Having reviewed the records and redactions, I am satisfied that all of the withheld information is either personal information relating to individuals other than the applicant, or personal information relating to the applicant that is inextricably linked to the personal information of other individuals. Accordingly, I find that section 37(1) of the Act applies to record 9.
Subsection (1) is subject to other provisions of the section. In my view, only section 37(5)(a) is of relevance in this case. That section provides that a request that would fall to be refused under section 37(1) may still be granted where, on balance, the public interest that the request should be granted outweighs the right to privacy of the individual to whom the information relates.

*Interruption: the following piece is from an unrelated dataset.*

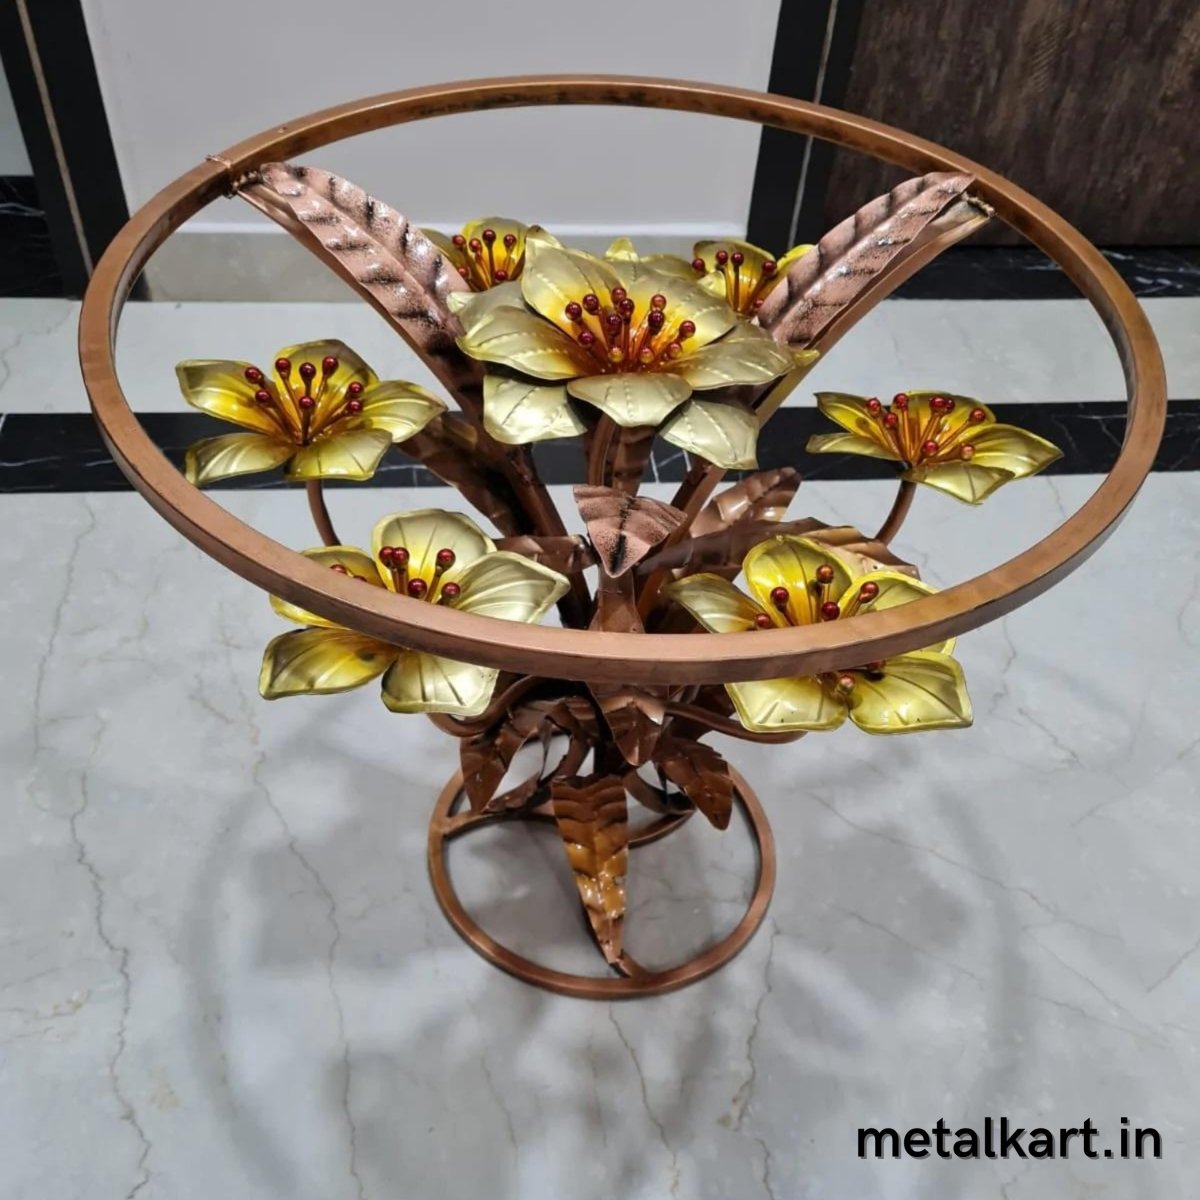 Metallic Multipurpose Flowery Center Table With Glass Top For living room (22.5*22.5*20 Inches approx)

In considering the public interest test at section 37(5)(a), I have had regard to the Rotunda case cited above. In the judgment, the Supreme Court outlined the approach that the Commissioner should take when balancing the public interest in granting access to personal information with the public interest in upholding the right to privacy of the individual(s) to whom that information relates. Following the approach of the Supreme Court, 'a true public interest recognised by means of a well-known and established policy, adopted by the Oireachtas, or by law' must be distinguished from a private interest for the purpose of section 37(5)(a).

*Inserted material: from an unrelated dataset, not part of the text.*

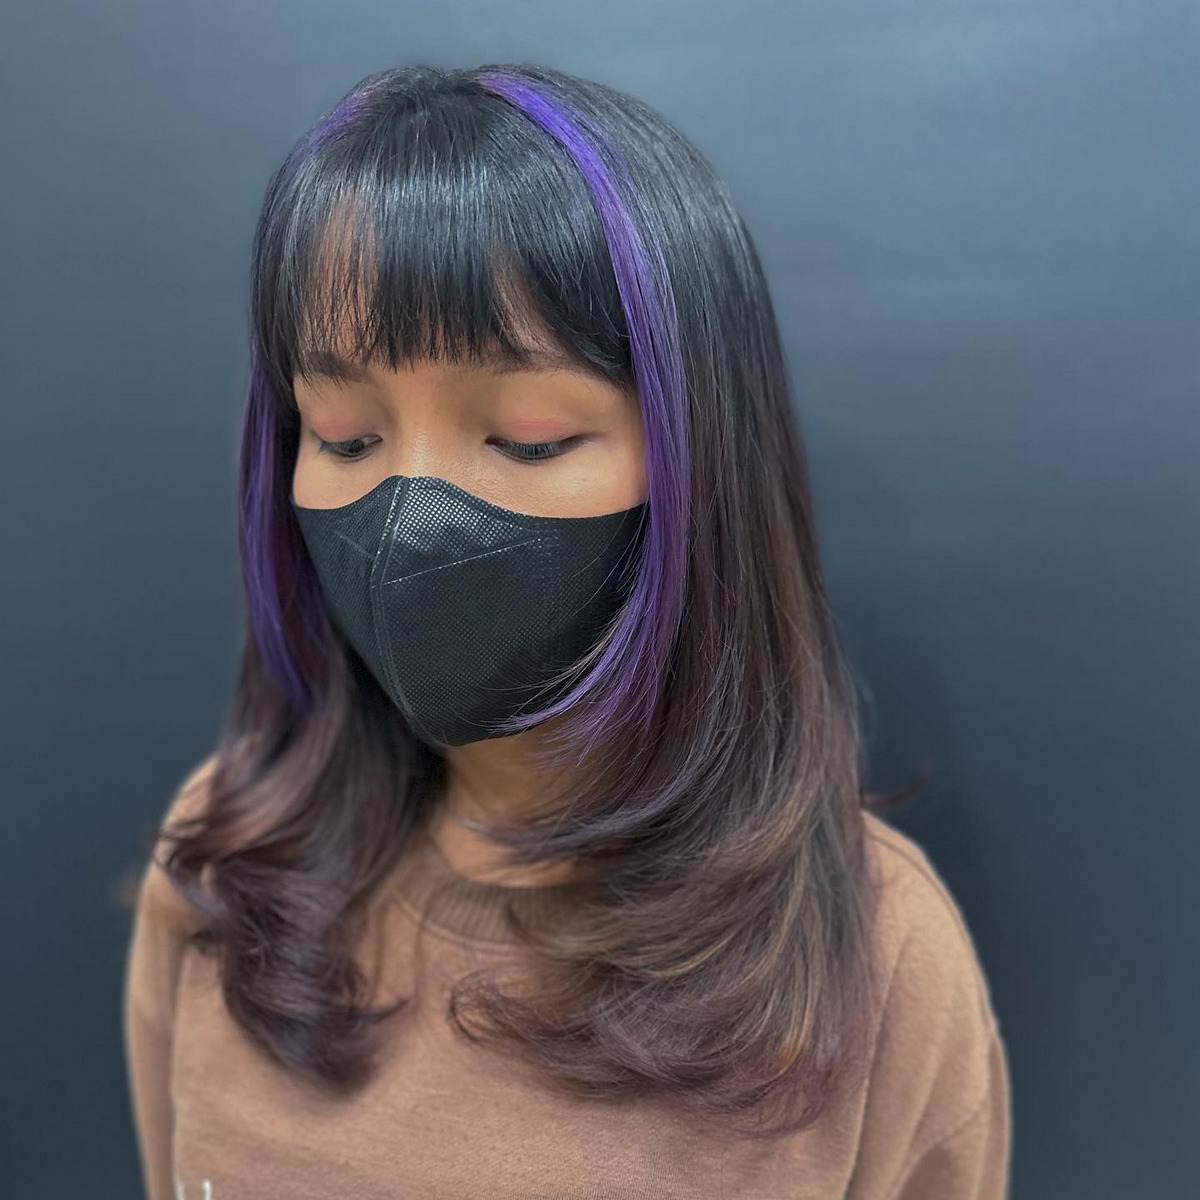 Highlight The Long Purple Bob With Silly Bangs

It is important to note, as stated above, that release of records under FOI is regarded as release to the world at large. While the applicant also referred to the release of witness statements during court cases to support his arguments for release, this review solely concerns a decision to refuse access to records under FOI.
I must have regard to the provisions of the FOI Act, which recognises the public interest in ensuring the openness and accountability of public bodies. On the other hand, however, the language of section 37 and the Long Title to the FOI Act recognise a strong public interest in protecting the right to privacy, which has a Constitutional dimension, as one of the un-enumerated personal rights under the Constitution. Accordingly, when considering section 37(5)(a), privacy rights will be set aside only where the public interest served by granting the request (and breaching those rights) is sufficiently strong to outweigh the public interest in protecting privacy.
In my view, the withheld information is inherently private. Furthermore, it seems to me that the public interest in enhancing the transparency and accountability of the HSA in how it carries out its functions has been served to some extent by the release of the majority of the records held. The question I must consider is whether the public interest in further enhancing the transparency and accountability of the HSE is sufficient to outweigh, on balance, the privacy rights of the third parties concerned. In my view it is not, given the nature of the information at issue. I therefore find that section 37(5)(a) does not apply in the circumstances and that Record 9 is exempt under section 37(1) of the FOI Act.
Having found section 37(1) to apply to the record, I do not find it necessary to consider the decision of the HSA to refuse access to the record on the basis of other exemptions in the Act.
Having carried out a review under section 22(2) of the Freedom of Information Act 2014, I hereby affirm the HSA's decision to refuse access to Record 9 under section 37(1) of the FOI Act.
Section 24 of the FOI Act sets out detailed provisions for an appeal to the High Court by a party to a review, or any other person affected by the decision. In summary, such an appeal, normally on a point of law, must be initiated not later than four weeks after notice of the decision was given to the person bringing the appeal.